▶ [Exercise goal]: In the records below, find the line with "Pano from the observatory" and repeat exactly every line from it through the line with "Buy Owner Mutu". Pictures stay out.

▶ [Supplied material]:
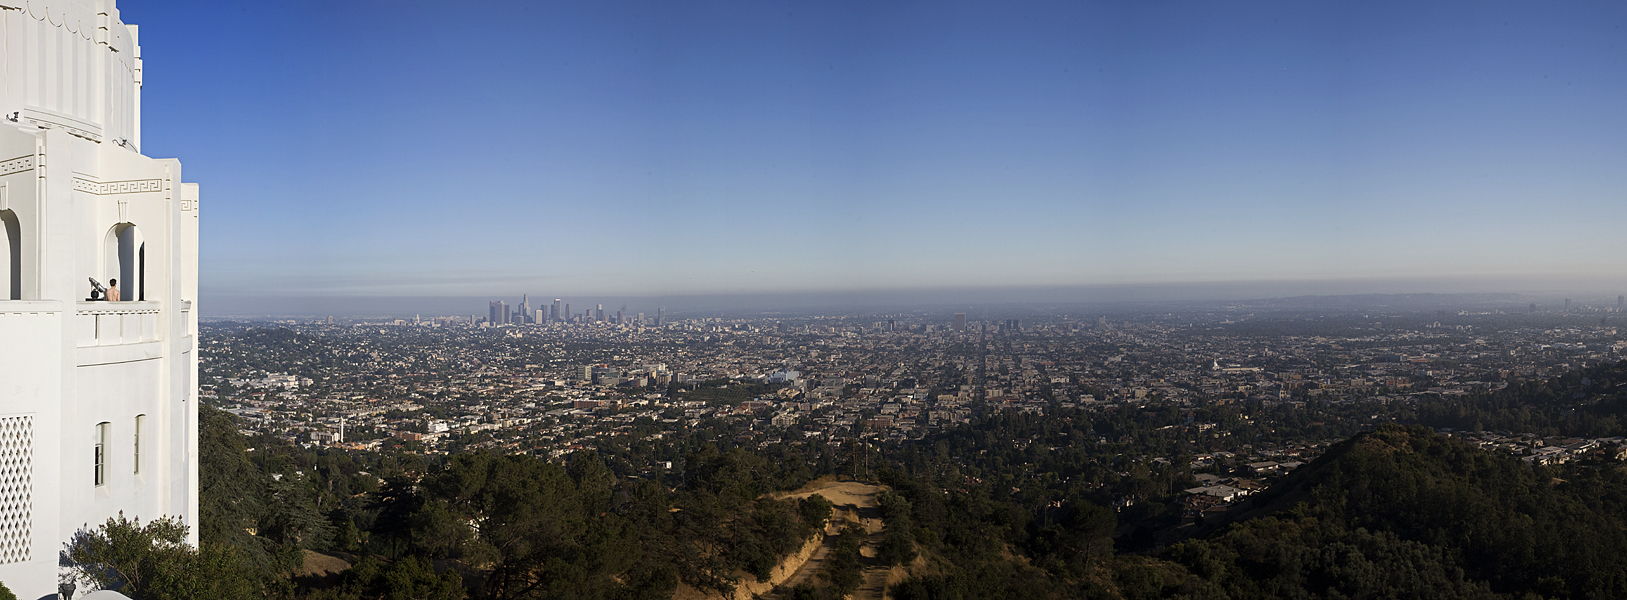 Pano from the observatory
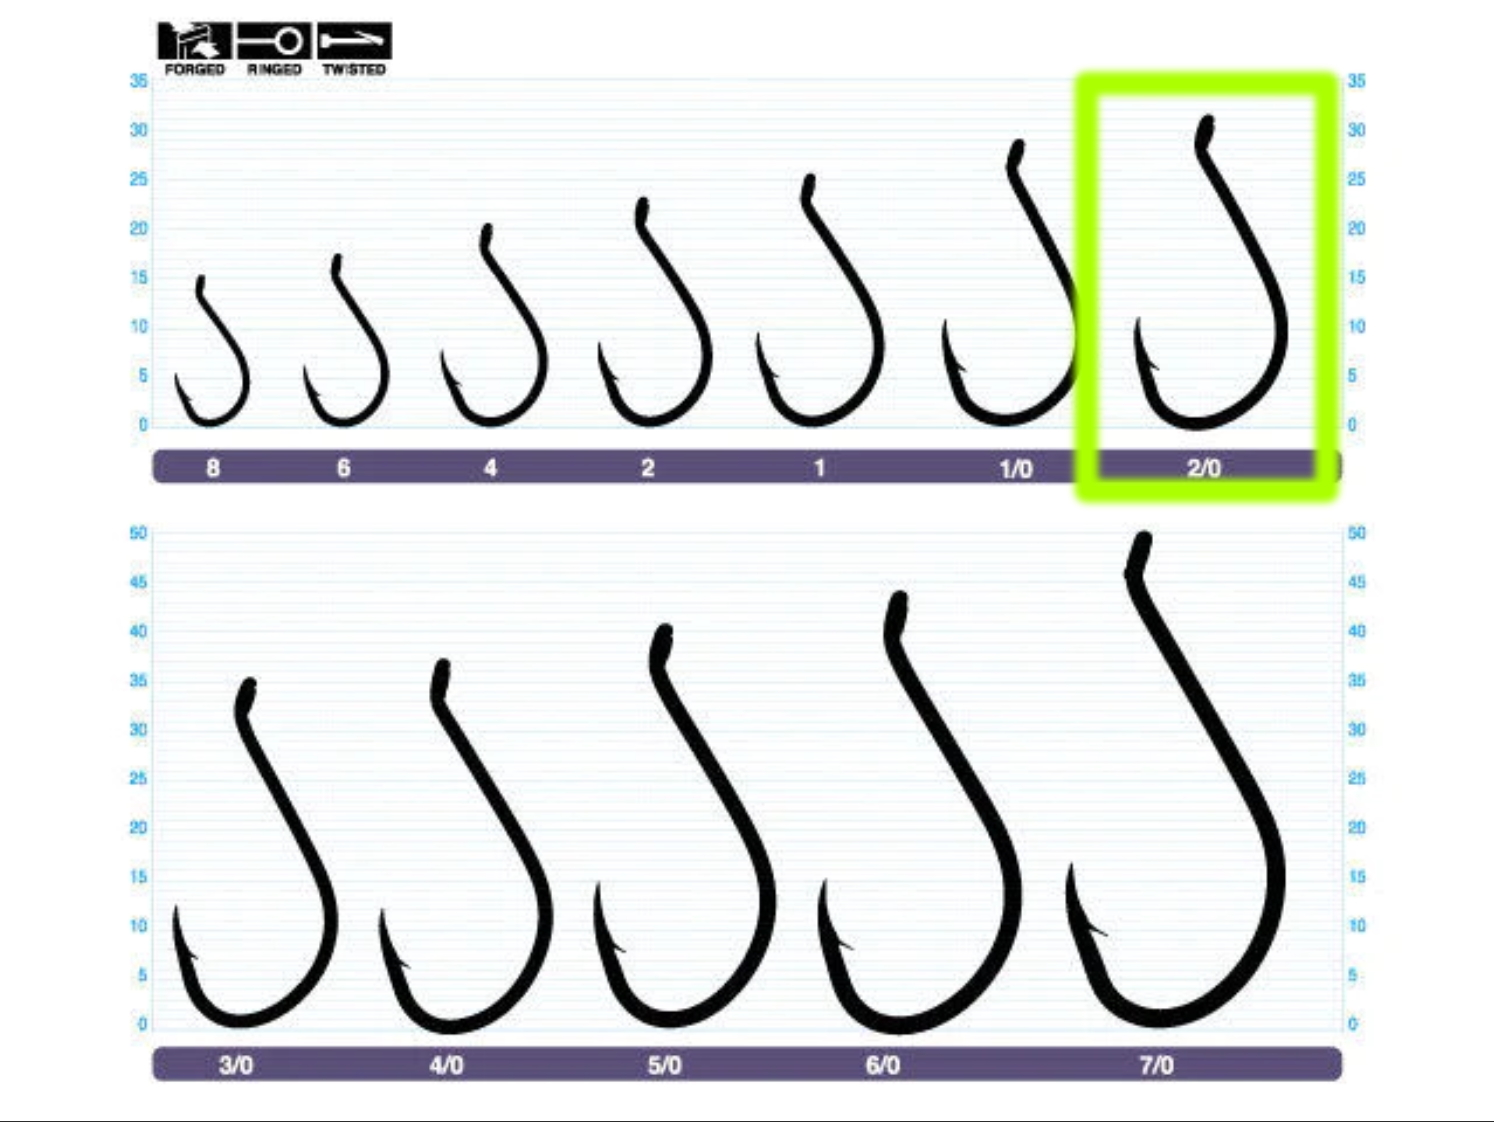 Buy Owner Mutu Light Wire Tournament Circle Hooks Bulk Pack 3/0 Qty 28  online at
--
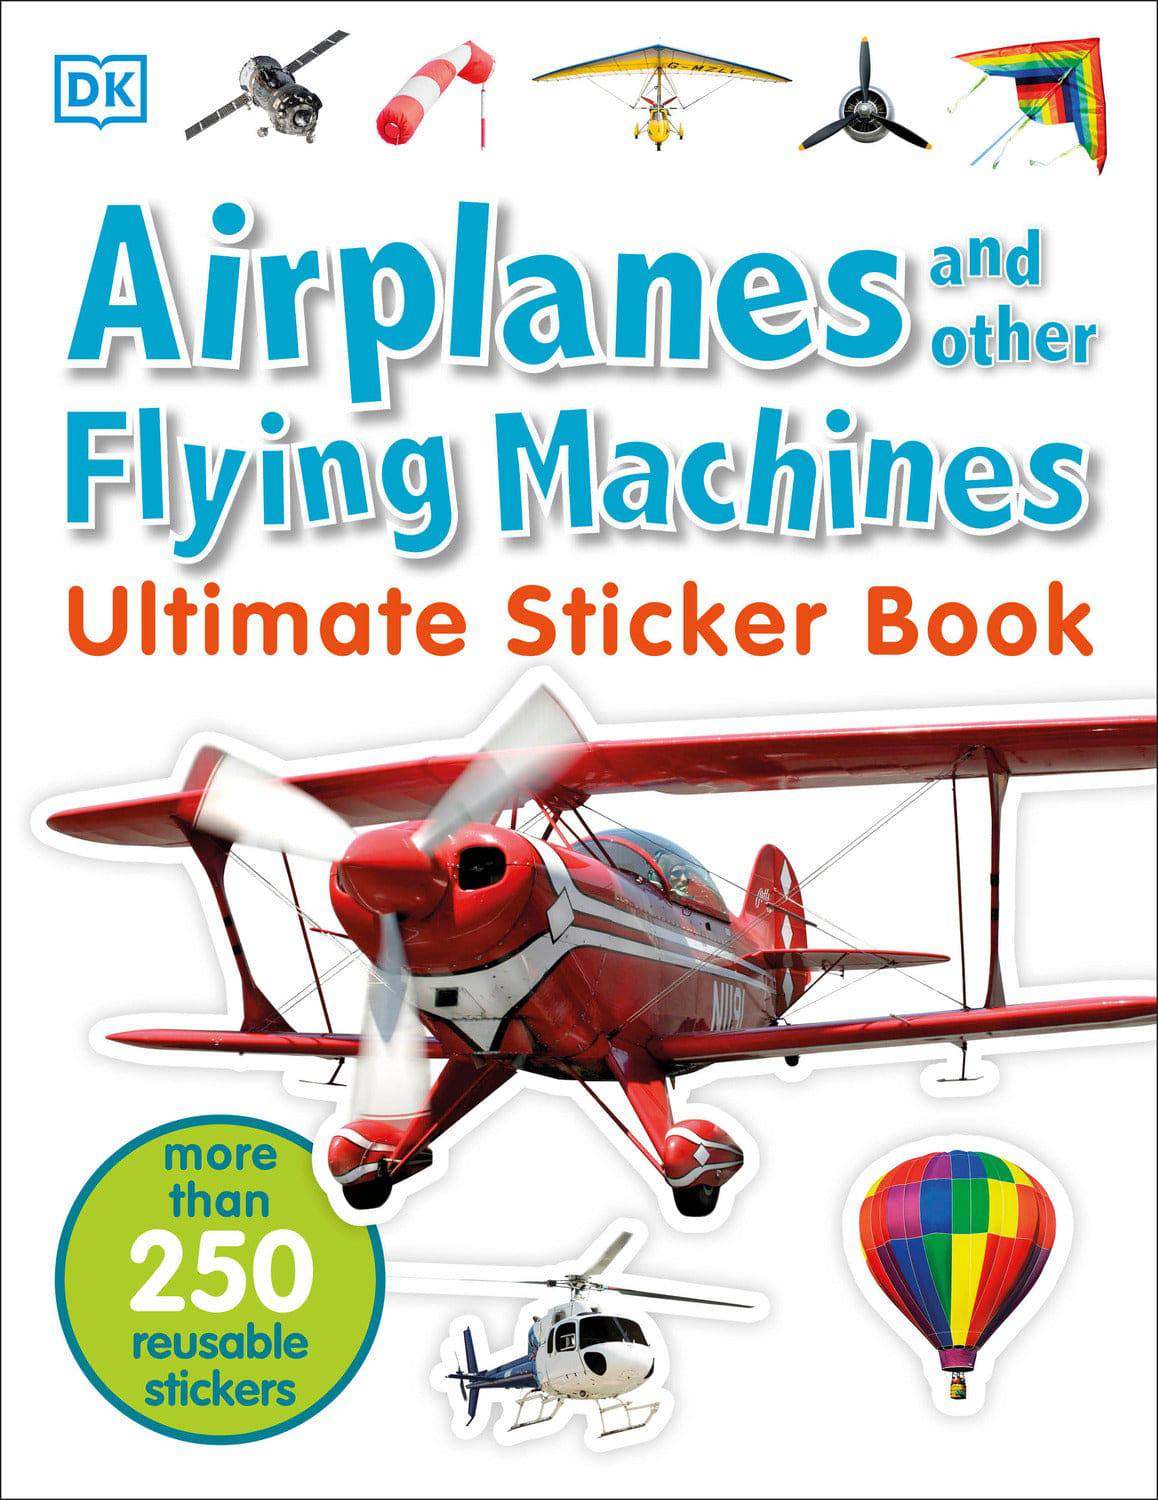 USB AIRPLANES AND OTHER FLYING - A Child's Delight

▶ [Exercise solution]:
 Pano from the observatory
 Buy Owner Mutu Light Wire Tournament Circle Hooks Bulk Pack 3/0 Qty 28  online at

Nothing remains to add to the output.